湖南省に本部をもつ湘潭大学と国家天文台の科学研究者はこのほど、中国の「郭守敬望遠鏡(LAMOST)」のスペクトルデータと欧州宇宙機関(ESA)の宇宙望遠鏡「ガイア(Gaia)」観測データ(測光・視差)を組み合わせ、222個の高温準矮星(極水平分枝星)を発見しました。うち、131個は複合スペクトル型の高温準矮星です。この成果は国際的な学術誌「アストロフィジカルジャーナル」に掲載されました。
高温準矮星は非常に特殊な小質量星の一種です。その質量は太陽の約半分程度で、表面温度は太陽表面の4倍に達することもあります。このような小質量星の多くは、中心部でヘリウムの核融合が行われている最中であり、小質量星の形成と進化や恒星内部での元素の拡散過程など、天体物理学の最前線の問題を解明する上で重要な意義があります。

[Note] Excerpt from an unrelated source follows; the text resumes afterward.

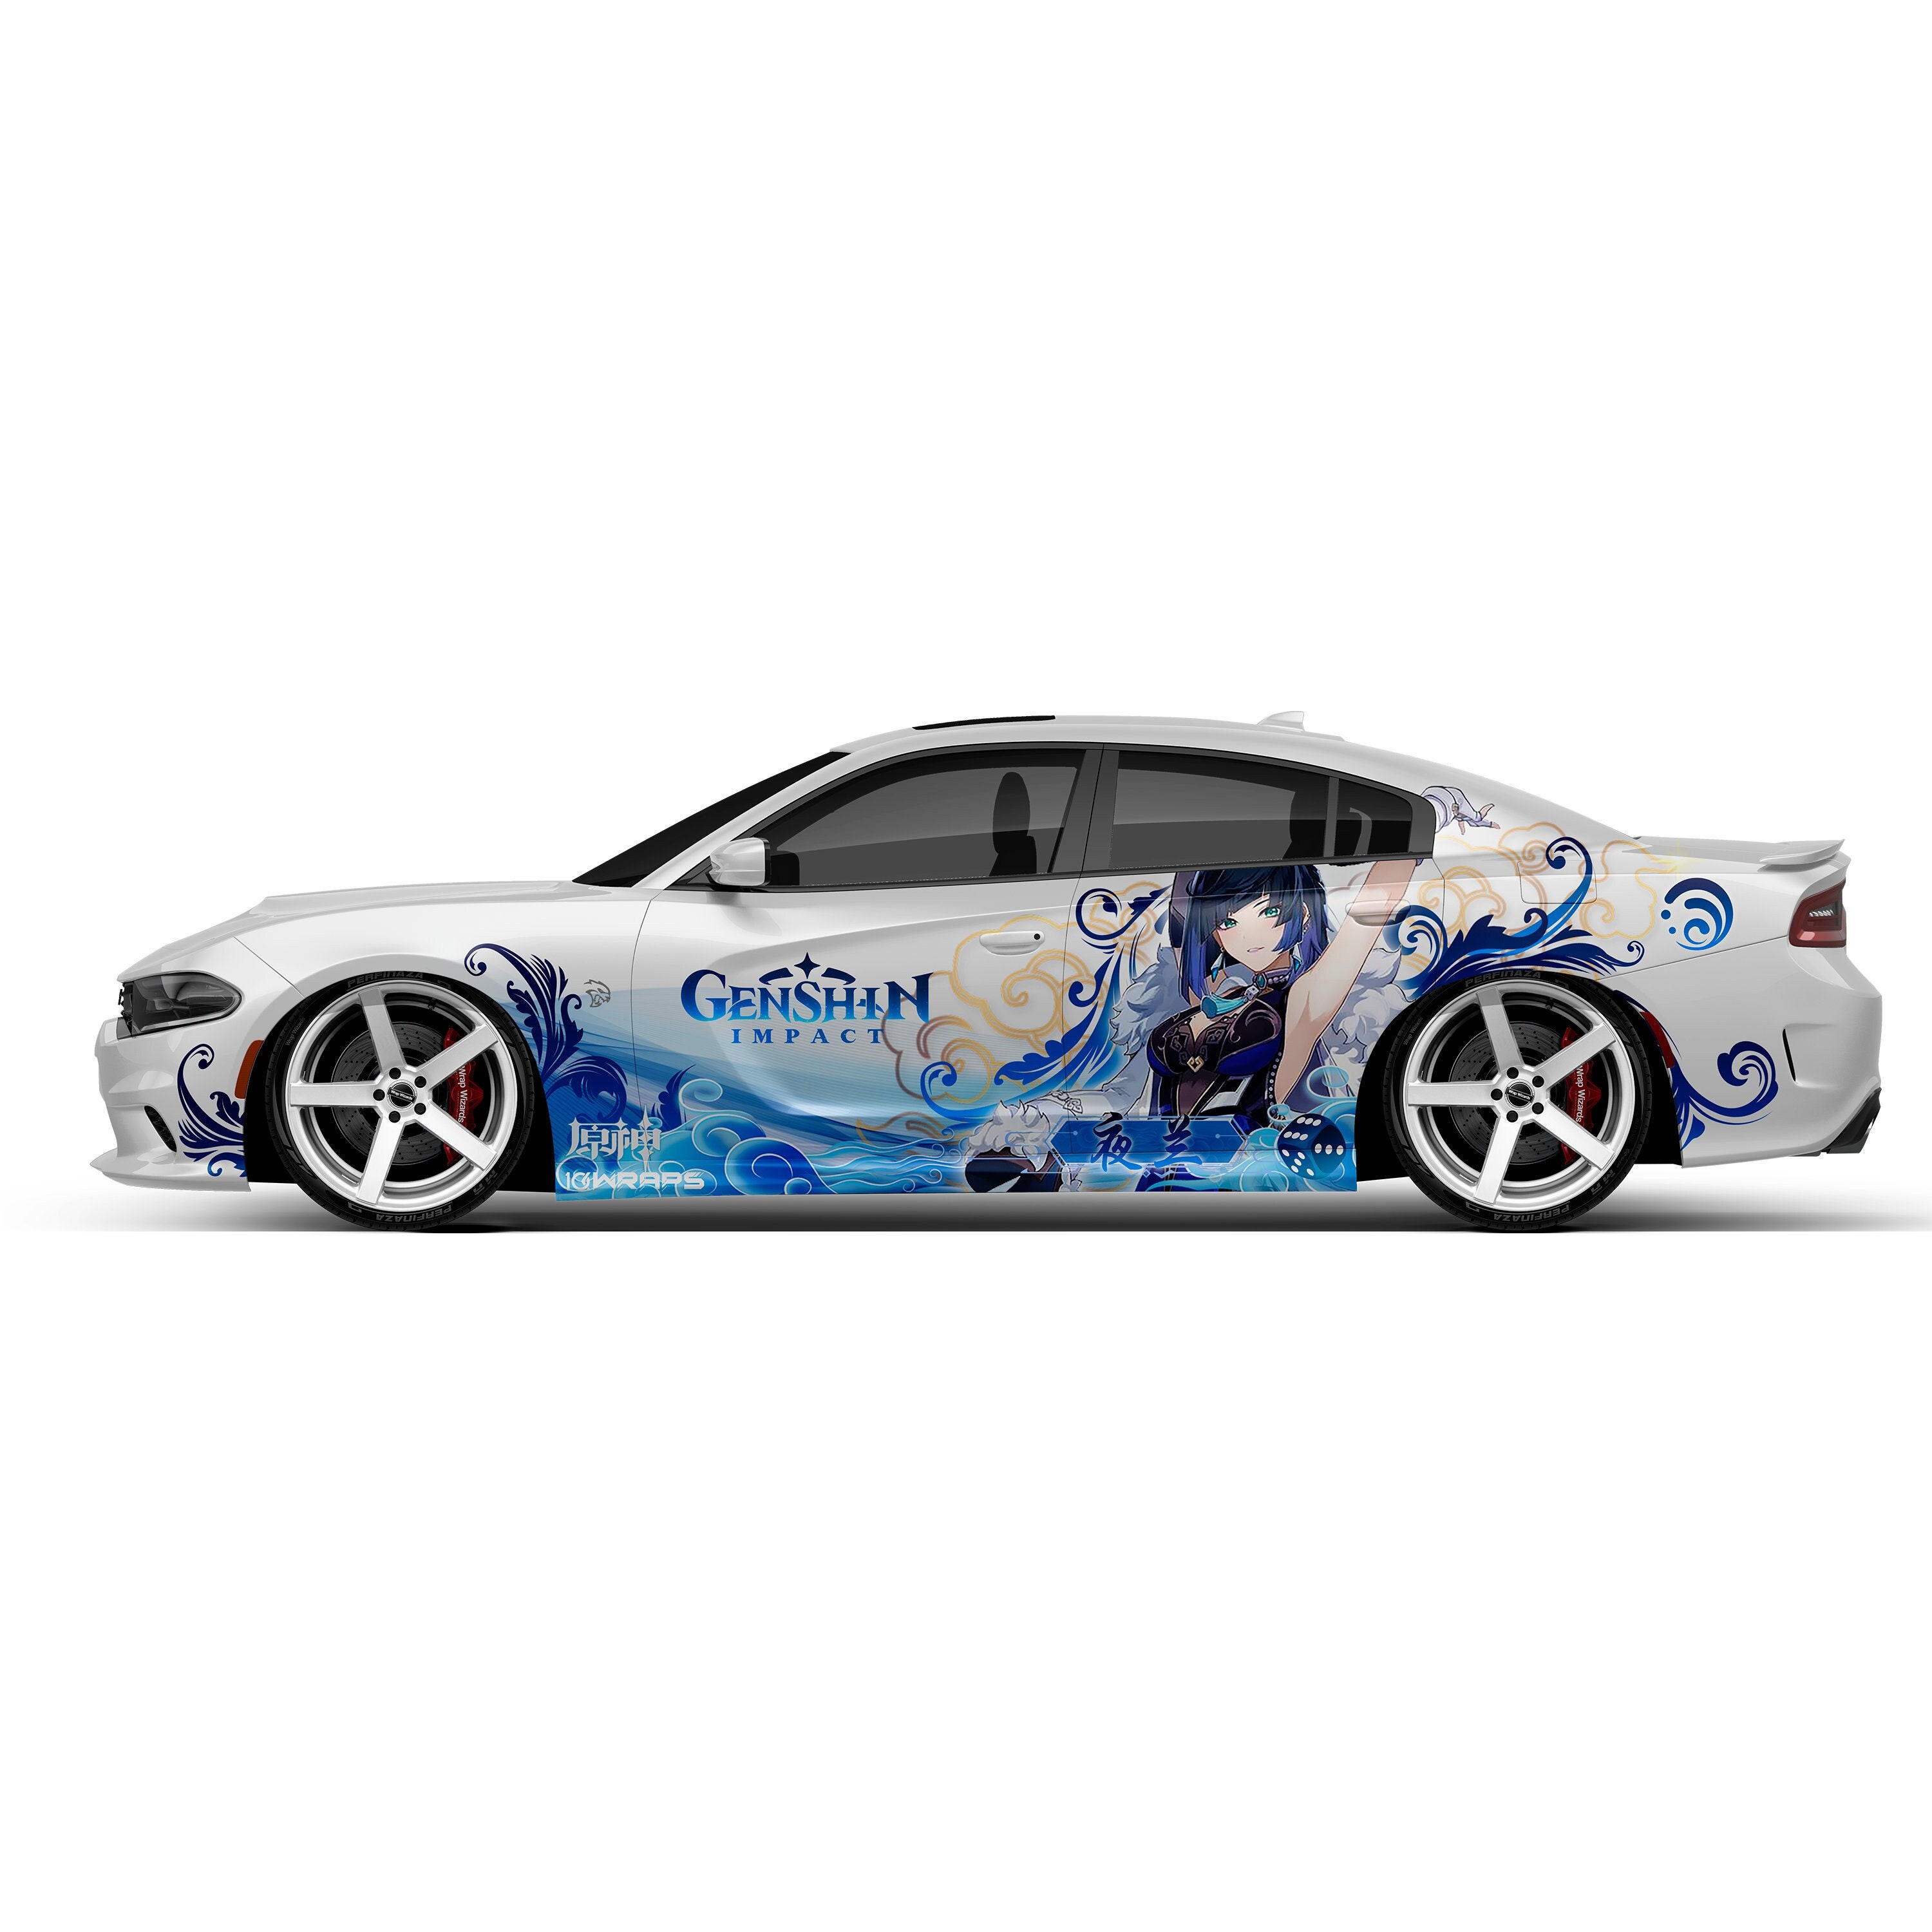 NFL ITASHA anime car wrap vinyl stickers Fit With Any Cars

現在までに知られている高温準矮星は6000個ほどで、うち3000個以上に大気パラメータがみられます。しかし、これらの既知の高温準矮星の大多数は単一スペクトル型です。複合スペクトルにより同定された高温準矮星は非常に少なく、高温準矮星の形成を研究し、連星の進化過程を知る上で、非常に重要な存在です。
この発見は高温準矮星の形成モデルに新たな可能性を示すものであり、高温準矮星の形成問題の解決に重要な科学的意義があるとみられています。